Using this information I keep the clorox bleach for 1 year from the date it is manufactured.

April 3, 2012 at 6:55 pm
(13) Dr. David says:

For emergency preparedness purposes, one teaspoon of bleach (not tablespoon) per gallon is what I’ve seen recommended, then let the bottle air out to get some of the chlorine out of it before drinking.

HOWEVER, why use toxic chemicals if you don’t need to? There are MULTIPLE different companies who now make drinking straws and small water bottles that completely remove any bacteria and parasites from fresh water from possibly polluted streams. Invest in them and you’re avoiding adding pollution to the planet as well as supporting new technology that is good for the environment, AND there is no shelf life on these bottles that purify, you can have them sitting in your basement for 20 years and still use them safely and effectively.

And lastly, for the person who has water stored in bottles in the basement (or where ever), if you screw on the tops without getting dirt into the bottles, the water should NOT need to be repurified! As long as it wasn’t polluted water to start with, you’re greater risk is from the plastic chemicals that will leach out of the bottle itself, not from the water. If the water is pure, it will not support the growth of bacteria or parasites, as they need something to feed on to reproduce and grow to where they would affect water quality. If there are a few thousand or even million bacteria when you seal the bottle, the pure water will cause them to explode due to osmosis making them absorb too much water, and they will die off.

January 25, 2013 at 9:28 pm
(14) jr23 says:

on the other compounds for purifying water one co recommends 5 ys from the date on package on the website it describes what to look for to see if older product is still good if unopened these are sold as tablets in sporting goods i believe there iodine for 1
any unopened should be good for 5 yrs there not that expensive throw away
there a newer system that uses a filter and 2 5 gallon buckets seems reasonable and there’s always boiling

February 4, 2013 at 12:12 pm
(15) yoyo says:

Dr. David….
You’re an idiot.

April 9, 2013 at 12:03 pm
(16) bio_guy says:

“Dr. David….
You’re an idiot.”

Yup, a real moron.

June 13, 2013 at 7:52 am
(17) Not as idiotic as yoyo says:

yoyo…
You are an even bigger idiot you troll.

You offer no constructive criticism or evidence of any kind to disprove anything Dr. David has said.

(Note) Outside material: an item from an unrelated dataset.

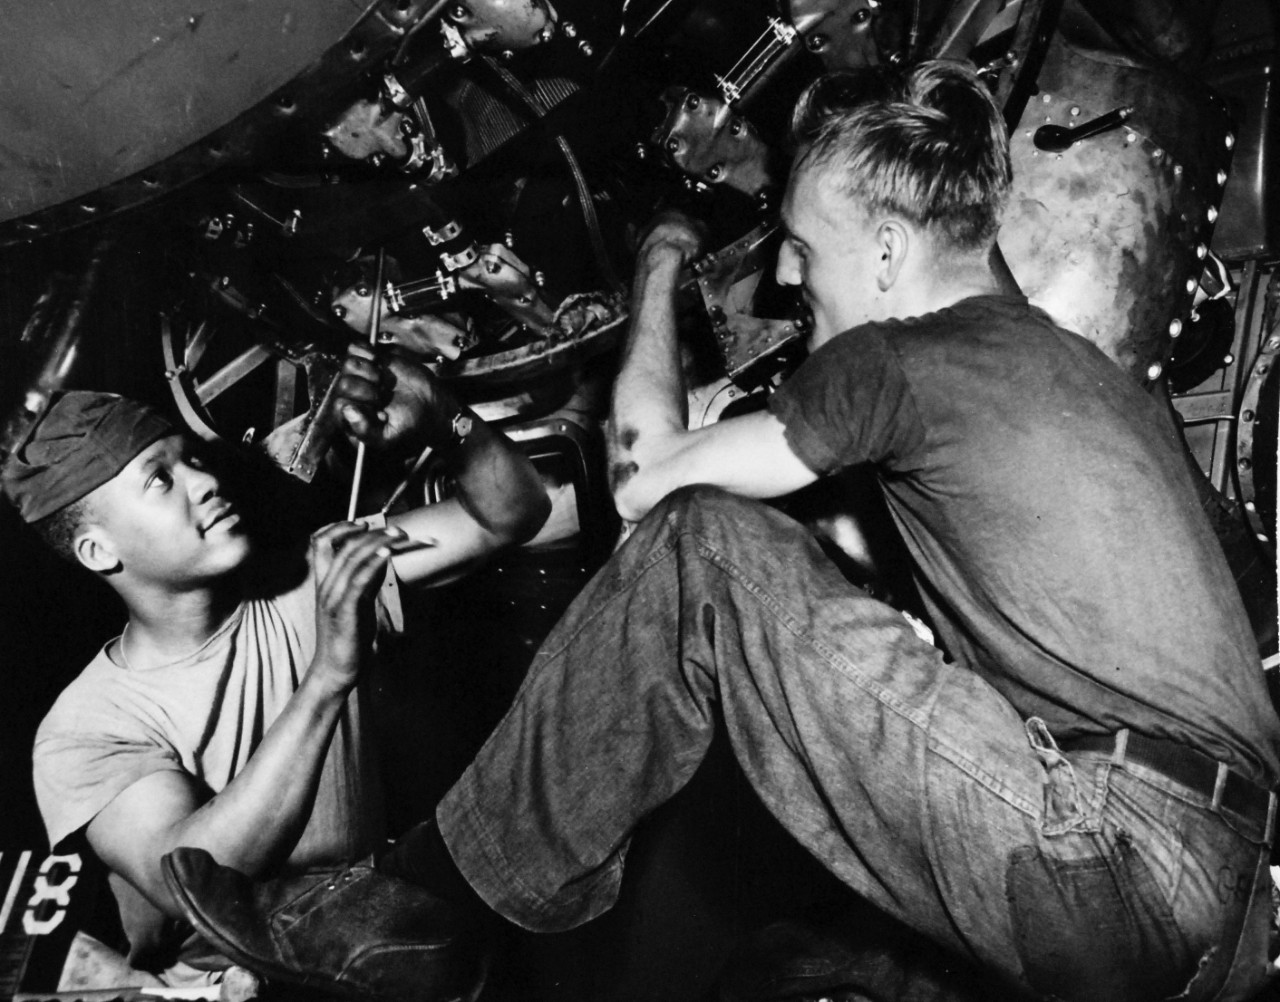 80-G-413544:   USS Coral Sea (CVA 43), April 11, 1949.    AD3 T.W. White, (left), and AD1 Gerhard working on an aircraft.   Official U.S. Navy Photograph, now in the collections of the National Archives.

Please do the world a favor and drink your expired bleach bottle.

June 18, 2013 at 6:43 pm
(18) camper says:

Dr David’s recommendation may kill you.

The governments epa site recommends 1/8th of a teaspoon per gallon of water in emergency to make unknown water safe to drink.

To sterilize – which i do with my wine making equipment, I use 1/4 of a teaspoon, then rinse.

July 23, 2013 at 9:56 pm
(19) memememem says:

surprisingly, the EPA website recommends only EIGHT DROPS PER GALLON of bleach for disinfecting drinking water. (i always thought it was much higher!)

as far as shelf-life, if you replace it every six months it sounds like you’ll be fine from the above comments. but if you’re really tweaked about the exact efficacy level of your 6.1 month old bleach, then invest in a $10 bottle of disinfection tablets. that should keep you in potable water long enough for most of the zombies to die off.

another tip for storing water: algae needs light to grow, so cover your five gallon jugs with black plastic trash bags to inhibit growth. also, start with disinfected (bleached) water. remember, tap water is NOT sterile, which is why it grows stuff when left in a glass for a week.